Слезы из ее глаз полились буквально ручьем. И тут будто очнулись нападающие: на ангар словно арктический снежный шквал налетел: так часто и густо били в стены пули. Сквозь грохот выстрелов до Женьки и Макса слабо, но доносился какой-то многоголосый слитный то ли рев, то ли вой. Сложно было поверить, что такой звук может вырываться из человеческих глоток, скорее так могли бы завывать на ирландских болотах жаждущие человеческой крови баньши[5]. Почти беззвучно в окружающем грохоте матюкнувшись, Макс рухнул на пол и, сильно дернув девушку за руку, уронил ее рядом. Со всех сторон раздавались громкие шлепки, похожие на те, с которыми бьются об уличный асфальт крупные градины во время летней грозы. Женька с ужасом поняла вдруг, что это пули плющатся о стены ангара и металлические полки.

– Ничего… – прохрипел ей на ухо Макс, упавший так, чтобы лежать между нею и гудящей от попаданий стеной склада, – щас будет им и вторая серия.
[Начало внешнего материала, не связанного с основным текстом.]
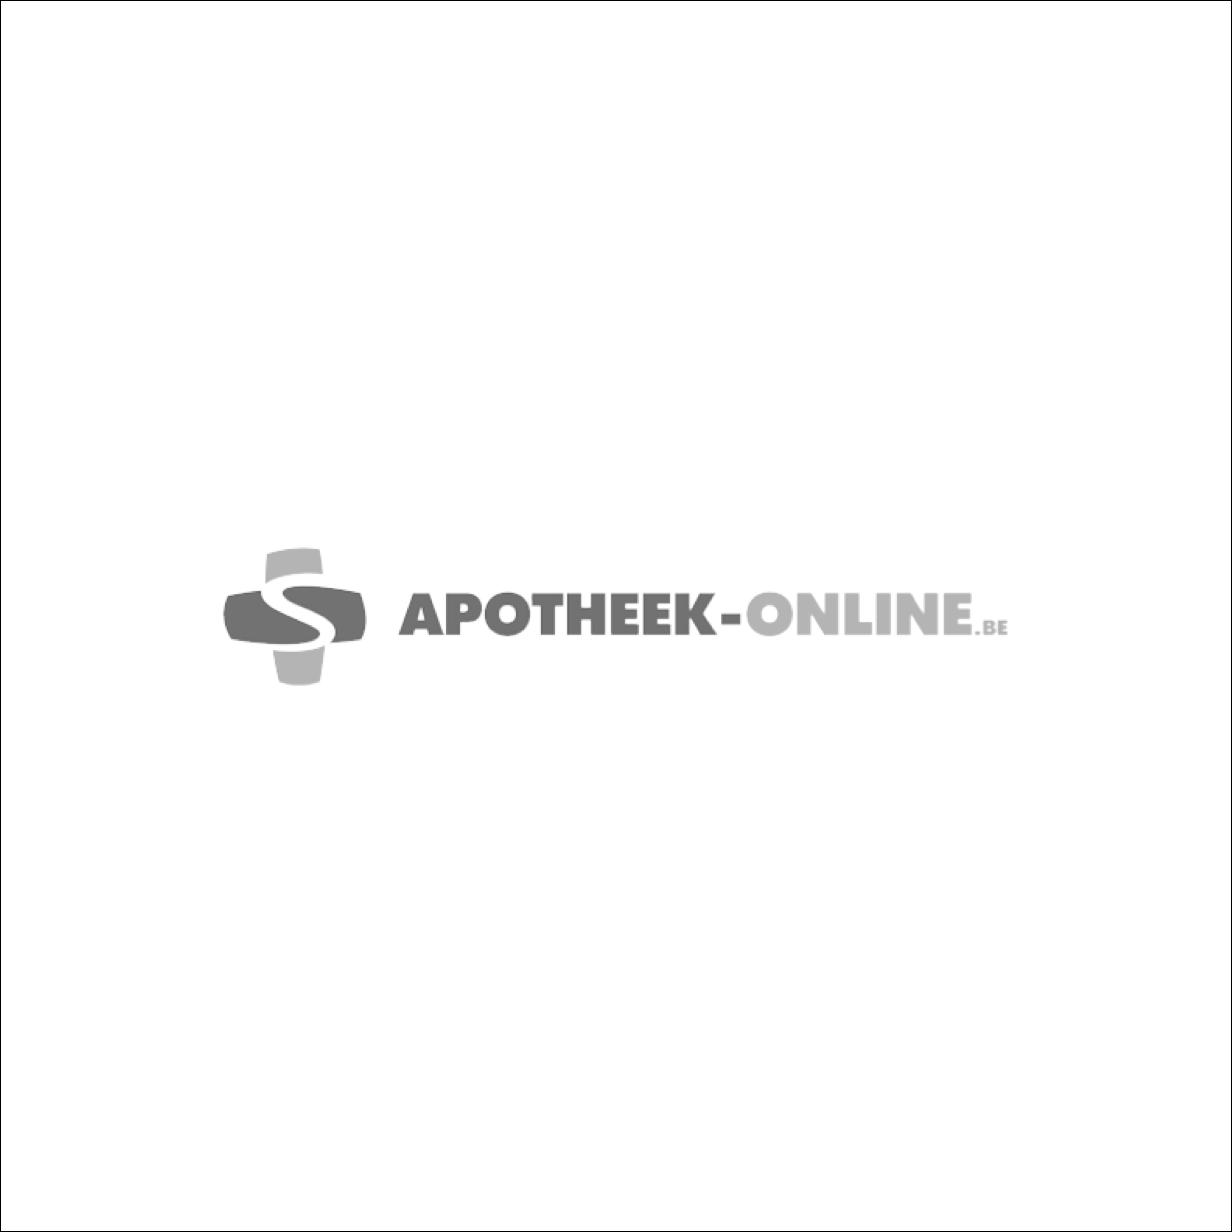 Mollelast Haft Bande Adh Latex Free 10cmx 4m 89593

У нас этого добра много, для хороших людей не жал… Ох ты ж, мать твою!

Да, повод выругаться имелся весомый: какой-то шальной рикошет, прилетев откуда-то сверху, ткнулся в пол ангара аккурат между их с Максом головами. Женька машинально прикоснулась к светлой металлической кляксе, размазавшейся по асфальту сантиметрах в десяти от ее лица, негромко ойкнула и подула на обожженные пальцы.

– Так, барышня: ползи-ка ты отсюда назад, где мы магазины набивали… Там хоть стеллажи худо-бедно защищают, – быстрой скороговоркой, но с явственными приказывающими интонациями в голосе шикнул на девушку Макс. – Бегом!.. В смысле, ползком, но с максимальным ускорением!

Не отошедшая толком от вида прямо перед носом смявшейся пули, Женька лишь согласно мотнула головой и шустро поползла в указанном направлении, тихо радуясь про себя, что у армейского бушлата такие толстые, набитые тяжелой ватой рукава. Если б не они – содрала бы локти в кровь. Вот коленям повезло меньше, и синяки теперь точно будут, хоть она и старалась на них опираться поменьше… «Господи – синяки, колени… Какой же бред тебе в голову лезет! – мысленно прикрикнула она сама на себя. – Буквально минуту назад тебе пуля чуть голову навылет не просверлила, от виска до виска, а ты о каких-то дурацких синяках переживаешь!» Шустро перебирая локтями и извиваясь, будто ящерица, девушка заползла за стеллажи. Все остальные девушки прятались там, за штабелями больших и тяжелых ящиков. Они лежали на полу, прижавшись к нему как можно сильнее, а Аня еще и свернулась почти в позе эмбриона.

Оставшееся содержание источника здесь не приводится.